Traumatic encephalopathy syndrome (TES) is defined as the clinical manifestation of the neuropathological entity chronic traumatic encephalopathy (CTE). A core feature of TES is neurobehavioral ...dysregulation (NBD), a neuropsychiatric syndrome in repetitive head impact (RHI)-exposed individuals, characterized by a poor regulation of emotions/behavior. To discover biological correlates for NBD, we investigated the association between biomarkers of inflammation (interleukin (IL)-1β, IL-6, IL-8, IL-10, C-reactive protein (CRP), tumor necrosis factor (TNF)-α) in cerebrospinal fluid (CSF) and NBD symptoms in former American football players and unexposed individuals.

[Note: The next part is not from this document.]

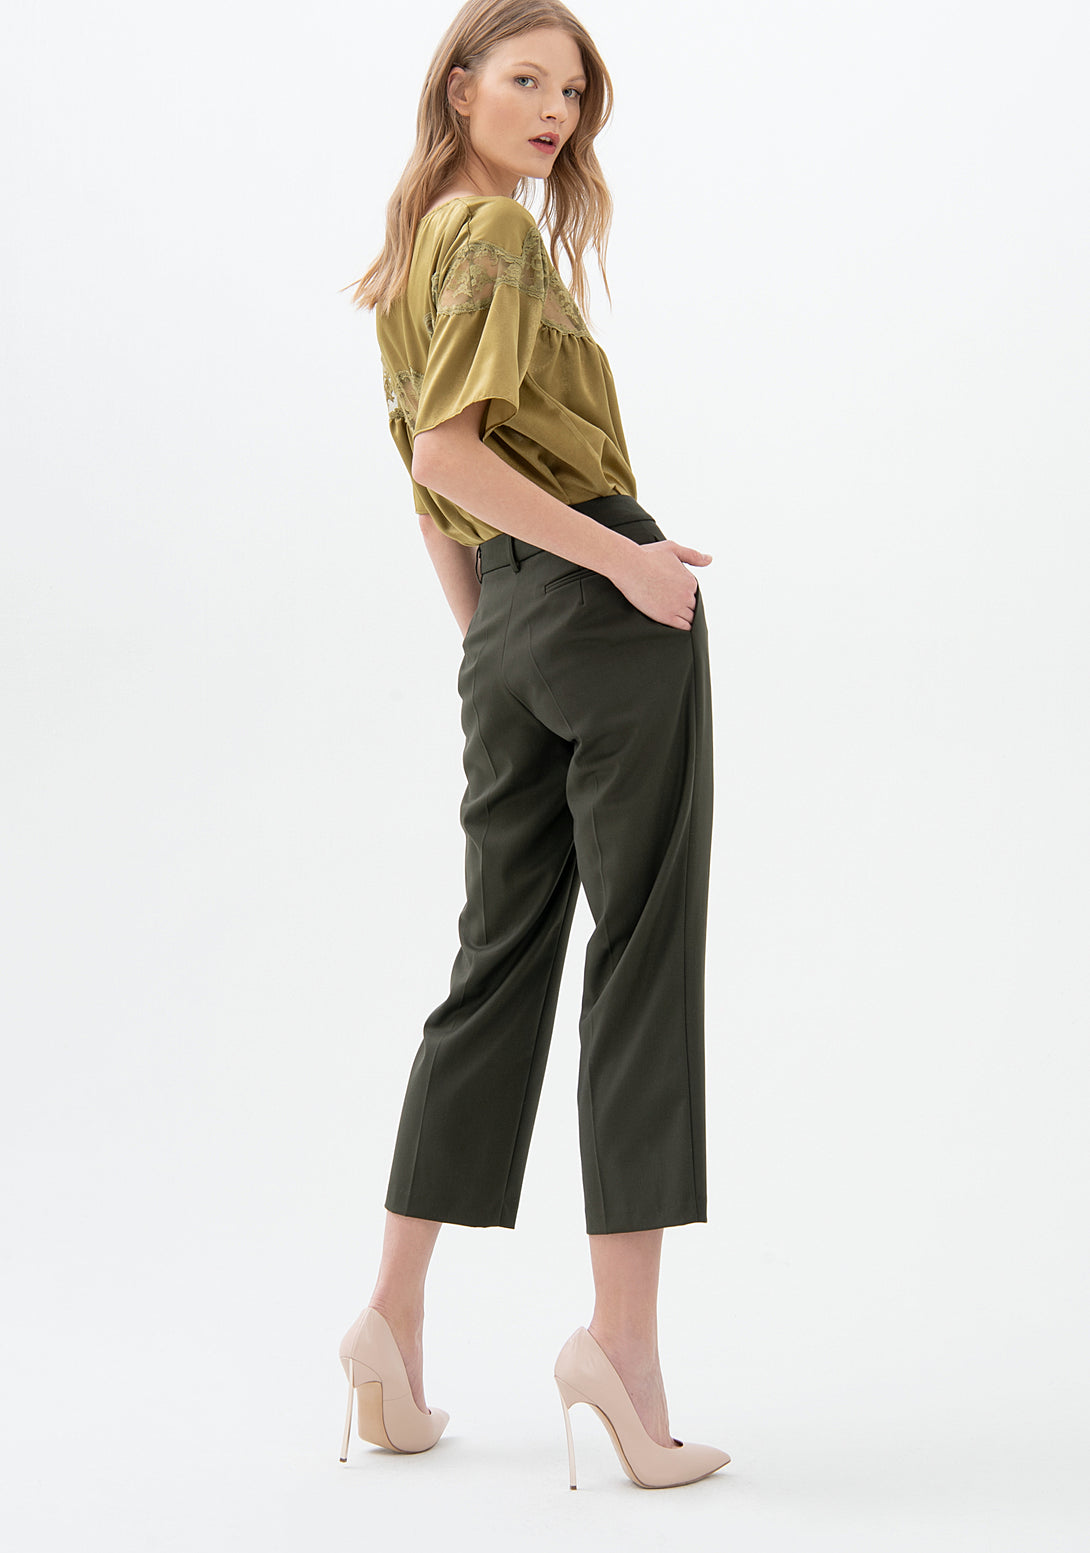 Pant straight line, cropped, made in technical fabric

Our cohort consisted of former American football players, with (n = 104) or without (n = 76) NBD diagnosis, as well as asymptomatic unexposed individuals (n = 55) from the DIAGNOSE CTE Research Project. Specific measures for NBD were derived (i.e., explosivity, emotional dyscontrol, impulsivity, affective lability, and a total NBD score) from a factor analysis of multiple self-report neuropsychiatric measures. Analyses of covariance tested differences in biomarker concentrations between the three groups. Within former football players, multivariable linear regression models assessed relationships among log-transformed inflammatory biomarkers, proxies for RHI exposure (total years of football, cumulative head impact index), and NBD factor scores, adjusted for relevant confounding variables. Sensitivity analyses tested (1) differences in age subgroups (< 60, ≥ 60 years); (2) whether associations could be identified with plasma inflammatory biomarkers; (3) associations between neurodegeneration and NBD, using plasma neurofilament light (NfL) chain protein; and (4) associations between biomarkers and cognitive performance to explore broader clinical symptoms related to TES.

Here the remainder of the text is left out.